In any case, here are the outcomes of various regression models:

#### A higher average number of *likes* for venues in a particular neighborhood indicates,  
* a greater population density (R-squared = 31)
* a higher percent of working age people (R-squared = 32)
* a higher percent of people living alone (R-squared = 37)
* a lower average household size (R-squared = 32)
* a lower percent of people who have not completed at least a bachelor's degree (R-squared = 39)
* a higher percent of people who have completed at least a bachelor's degree (R-squared = 36)

#### A higher average *price* for venues in a particular neighborhood indicates 
* a lower percent of people who have not completed at least a bachelor's degree (R-squared = 42)
* a higher percent of people who have completed at least a bachelor's degree (R-squared = 35)

#### A higher average *rating* for venues in a particular neighborhood indicates
* a greater population density (R-squared = 42)
* a higher percent of working age people (R-squared = 51)
* a higher percent of people living alone (R-squared = 48)
* a lower average household size (R-squared = 42)
* a lower percent of people who have not completed at least a bachelor's degree (R-squared = 44)
* a higher percent of people who have completed at least a bachelor's degree (R-squared = 35)
* a higher workforce participation rate (R-squared = 38)
* a higher workforce employment rate (R-squared = 40)

## V. Discussion

None of the regression models we created had high enough R-squared values for us to make any meaningful recommendations. However, they do show some general trends. For instance, neighborhoods that have venues with higher than average ratings and likes, are likely populated with a higher proportion of working age people and lower household sizes. Does this indicate that working age people in smaller (or no) families are more likely to rate or like a venue? Or does this mean that they are more likely to rate it higher? Further analysis is needed.

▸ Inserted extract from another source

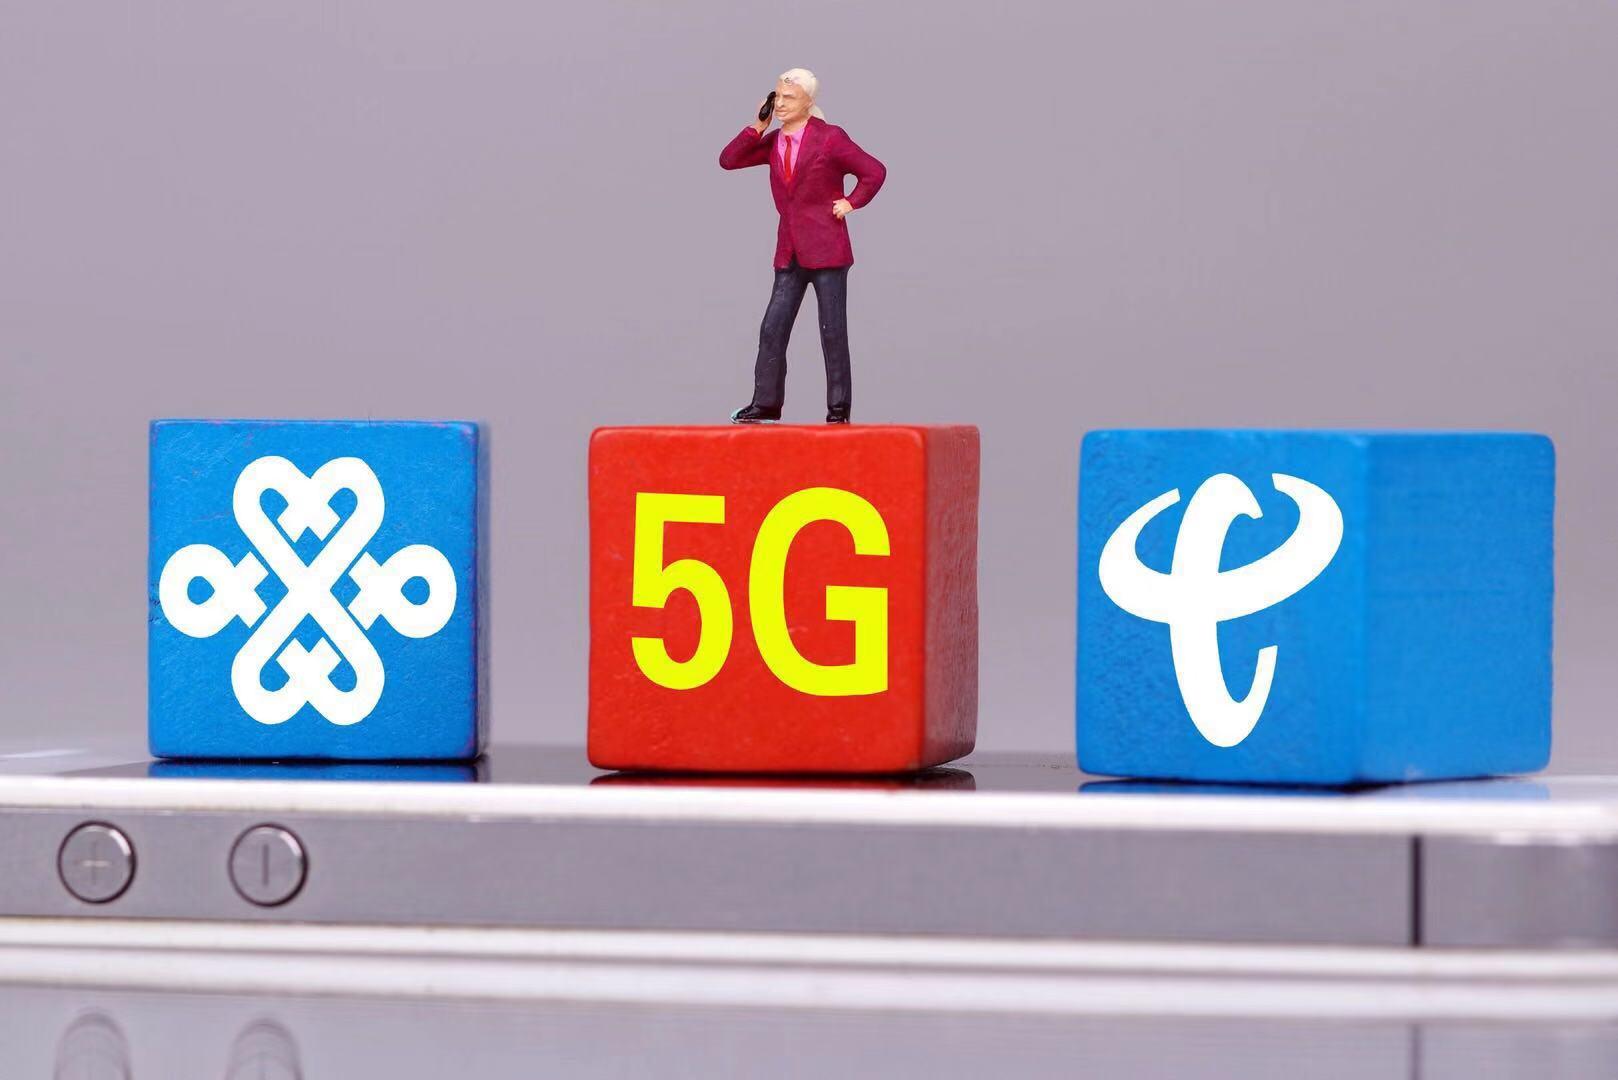 联通电信联手展开5G突围,省下4千亿后能否赶超移动?

Other interesting, although logistical trend is that neighborhoods with more higher-priced venues (higher average price) are more likely to have more highly educated people living in them. Interestingly, though, average household income was not a good predictor for price, which may suggest that people don't patron expensive venues because they have more money, but because they are more educated. 

## VI. Conclusion

We began this project with the hope that we could find some linkages between Toronto's demographic data and Foursquare data for venues in Toronto. Although some of the results were promising, neither data sets gave an complete conclusions. We recommend that if both governments and business would like to use these results for their own predictions, that they do so carefully. The results show general trends, but cannot be used to predict exact amounts. There is still to much variability that is not explained by the predictors used here, both for predicting demographic information and Foursquare information. However, we do believe these results can be used for a quick check for new businesses to see if their other research matches with the results found in this project.